Check - and check again. This seems basic but you shouldn’t underestimate the importance of spelling and grammar. It will appear that you don’t care about the job if your CV is full of sloppy errors. Ask a friend or family member to check it for you, read it through aloud and review each word to ensure it is all correct.
It’s a good idea to save your CV as a PDF to ensure that your formatting stays the same when opened on different devices. Remember to save your CV with a title that includes your name, so it is easy for the employer to find.
- Keep it brief
A good CV is clear, concise and makes all the necessary points without waffling. You don't need to give pages of detail; if an employer is interested they will ask for further explanation at an interview. Consider using bullet points to streamline information. Keep your CV to two sides of A4 maximum and be brutal in your editing.
- Tailor the CV to the job
Create a unique CV for every job you apply for. You don't have to rewrite the whole thing, just adapt the details so they're relevant.
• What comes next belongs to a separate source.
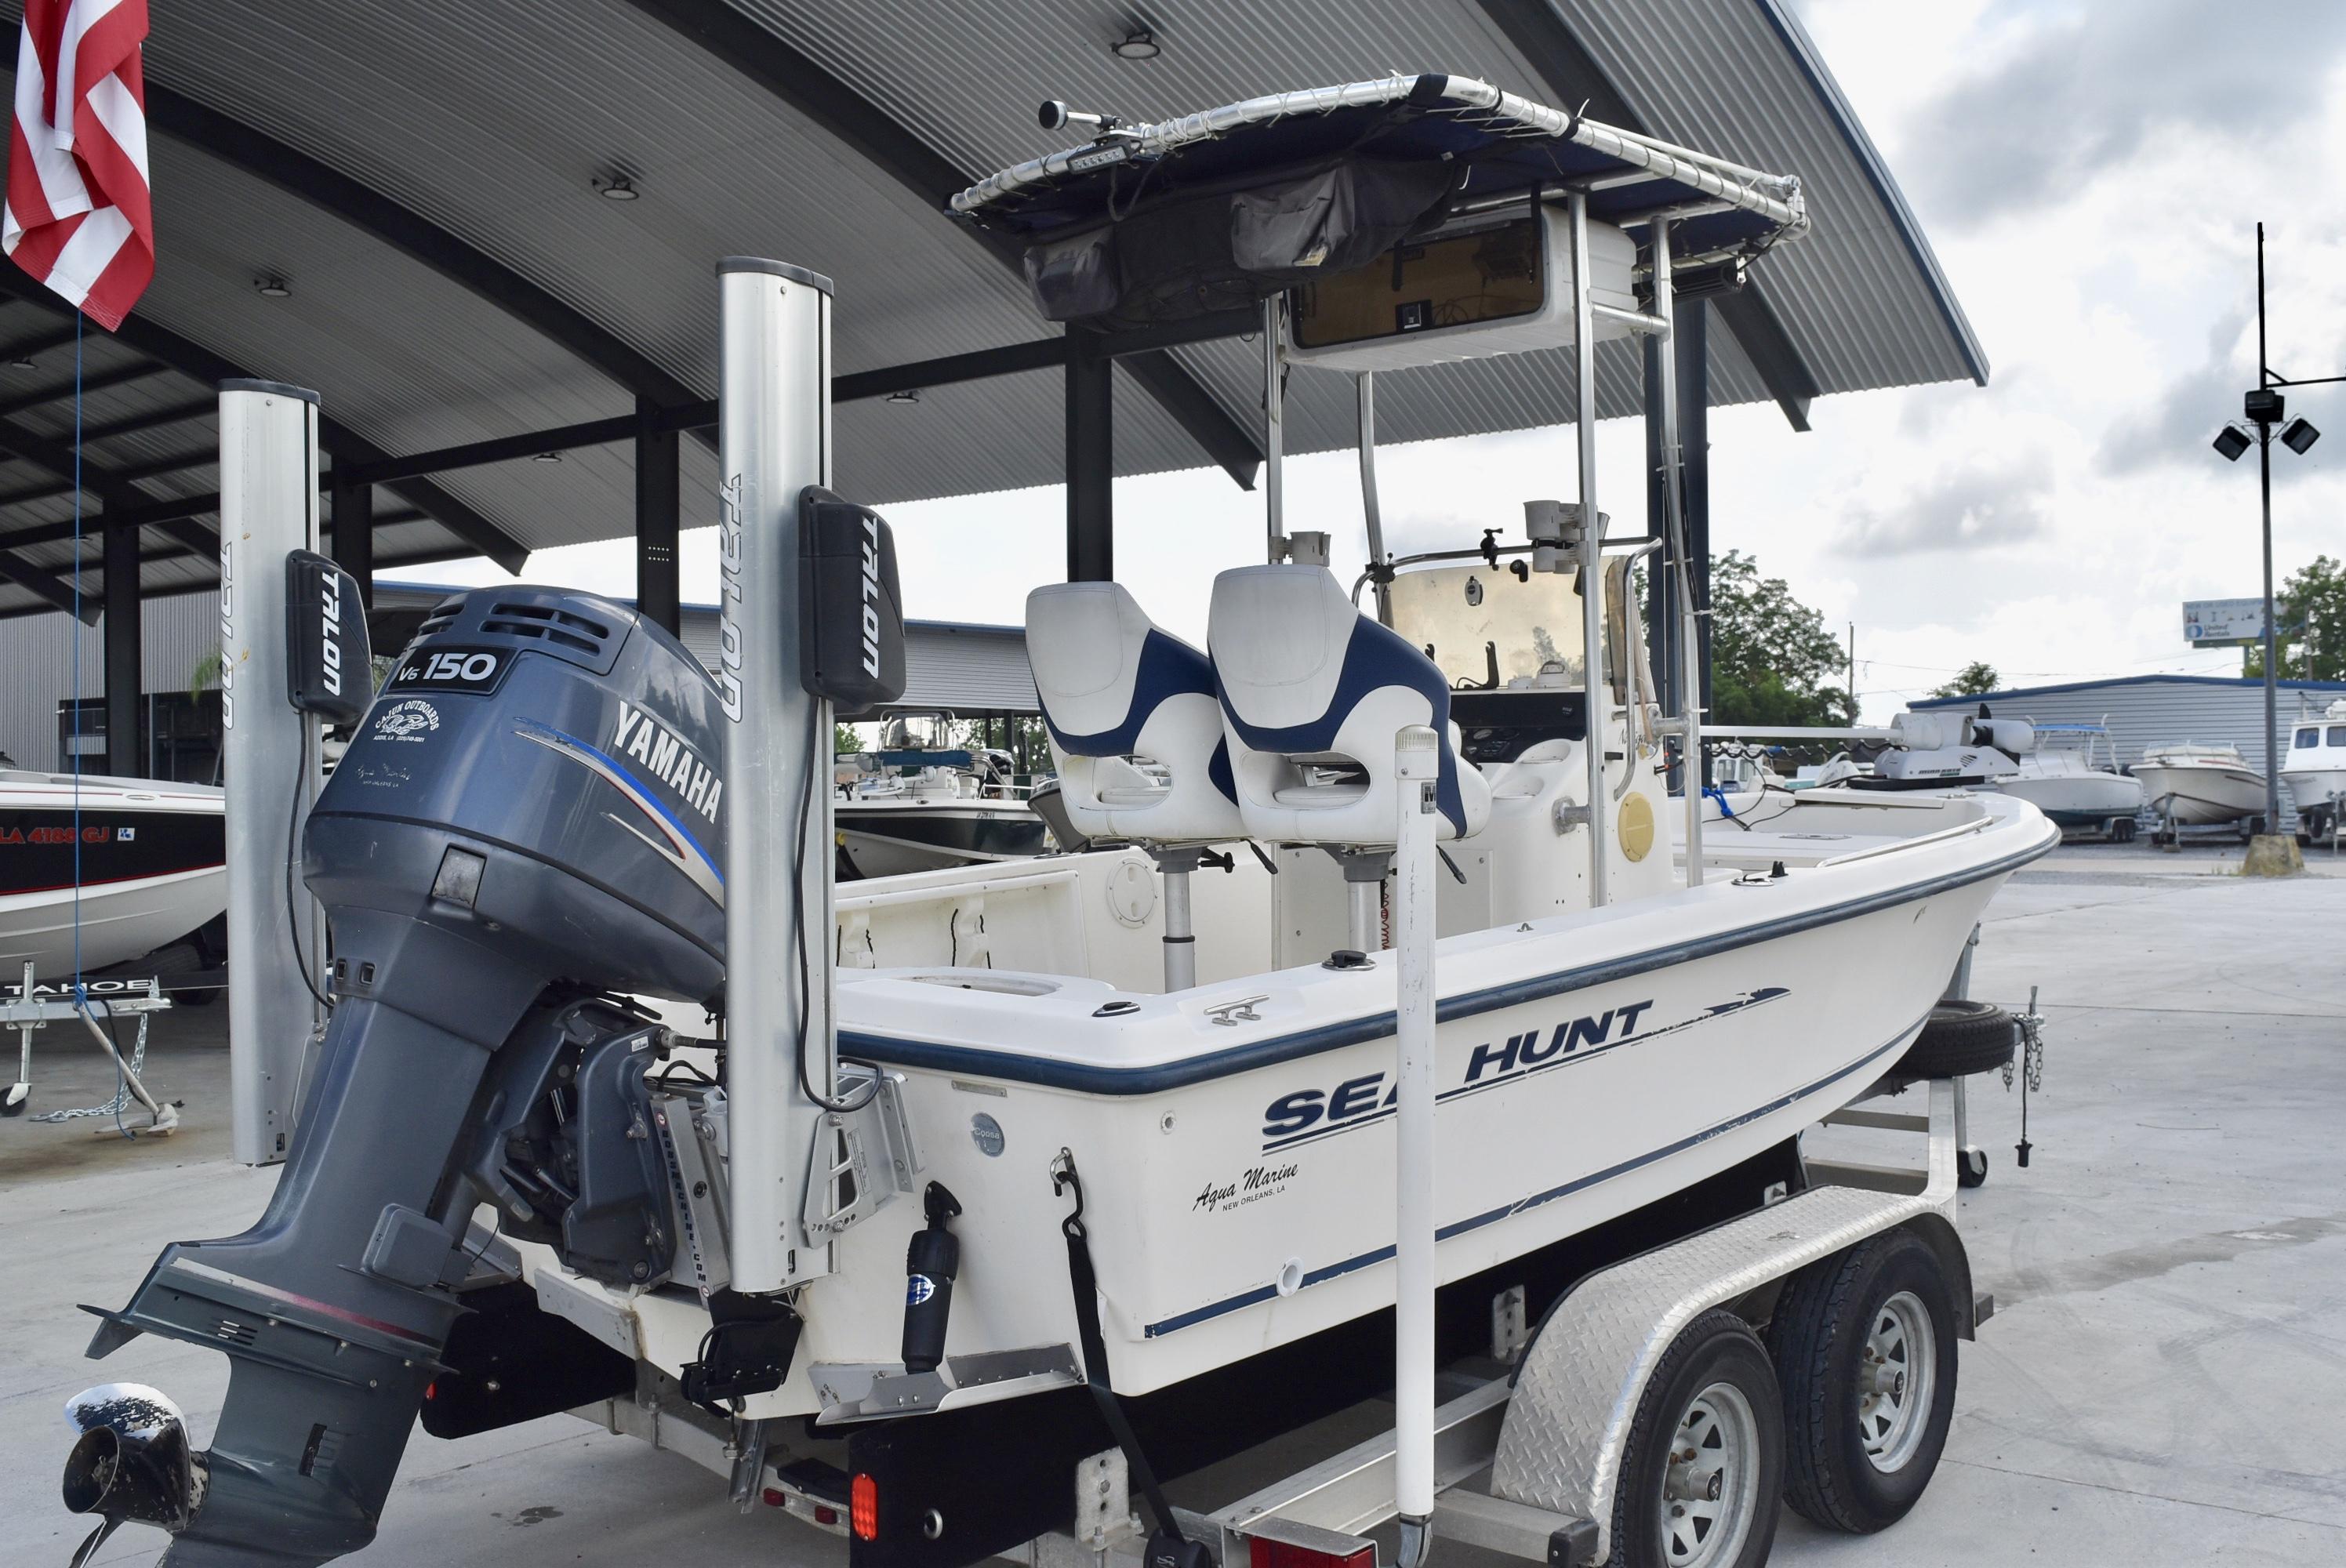 2002 Sea Hunt boat for sale, model of the boat is Navigator 20 & Image # 5 of 7
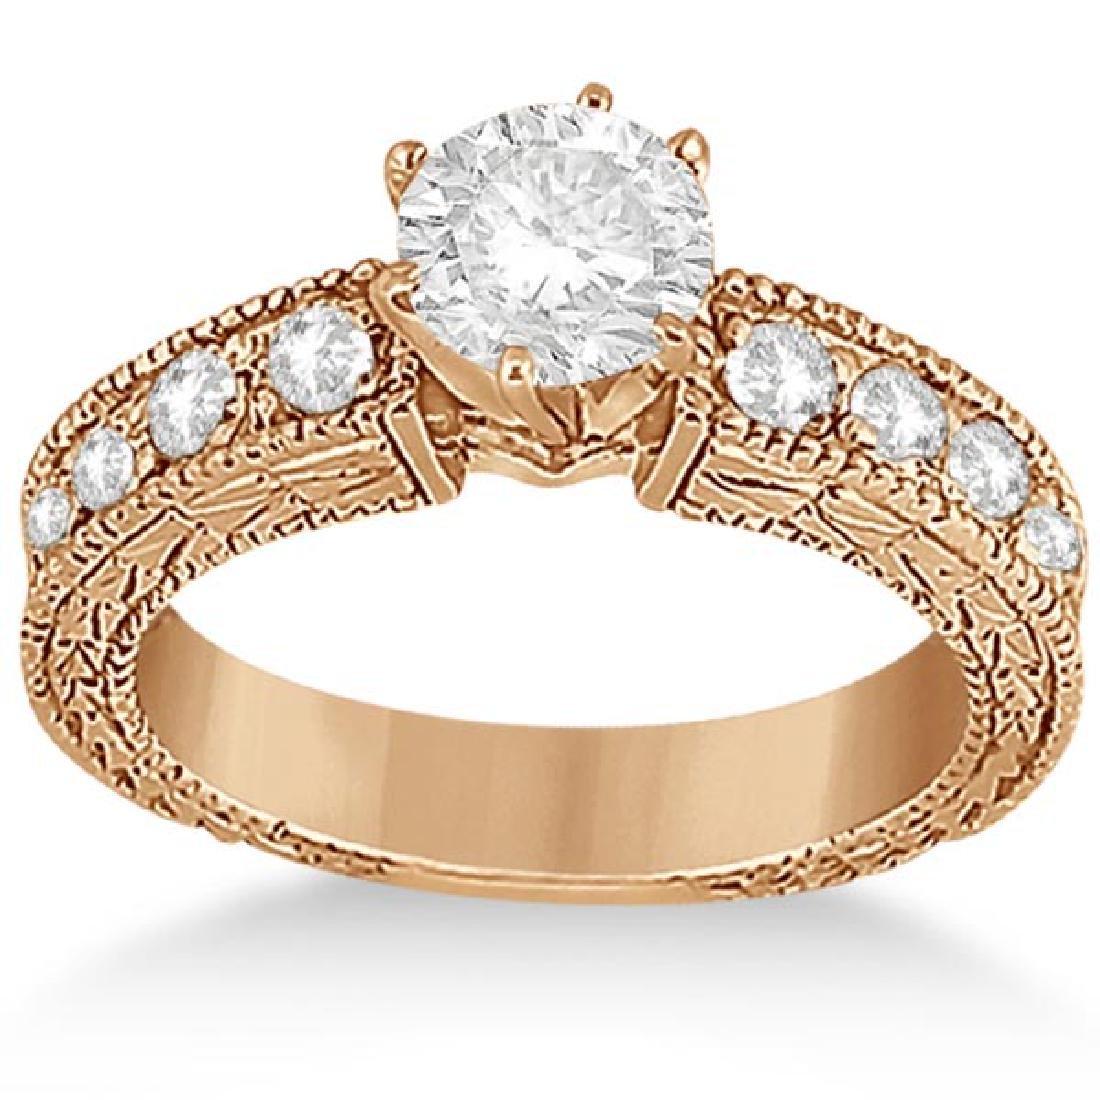 1.50 ctw Antique Style Diamond Engagement Ring 14K Rose

If your CV seems too generic then it gives the impression that you’re lazy or uninterested in the job.
Try to establish what the job entails and the key skills required. This information is normally available in the advertisement or job description. Consider your jobs, experiences, achievements and even hobbies to see how you can use them to demonstrate that you match each core requirement or skill. The Unifrog CV Builder allows you to keep your achievements and work experience on file. You can choose which points to include at the click of a button, which makes tailoring your CV much easier.
“In my role as a receptionist for a local hairdresser, I learnt excellent customer service skills both in person and over the telephone.”
“As well as teaching me how to manage my time effectively, starring in my theatre company’s performance this term has developed my confidence in public speaking.”
It's a good idea to review your CV on a regular basis and add any new skills or experiences after every new career development or notable achievement in your job. In this way, when you come to apply for a job, you will find yourself prepared with all the relevant information, rather than desperately trying to remember a distant work experience placement or exactly what your involvement was in the big sales project last year.
- Be assertive
This is your chance to sell yourself to an employer so don’t be afraid to highlight your achievements. Use assertive and positive language such as "developed", "organised" or "achieved" and remember to claim your achievements as your own, using ‘I’ rather than ‘we’.
Instead of: I helped lead the team and we were lucky enough to be given first place
Try: I was responsible for the team; under my leadership, we achieved first place.
- Be interesting
The ‘hobbies and interests’ section of your CV is not simply something to fill up space - it’s another valuable chance to sell yourself. Avoid including passive interests like watching TV or playing video games. Instead, mention activities which have helped you develop skills or learn something new.
Instead of: I really like reading
Try: I enjoy reading, particularly historical novels that focus on Victorian England.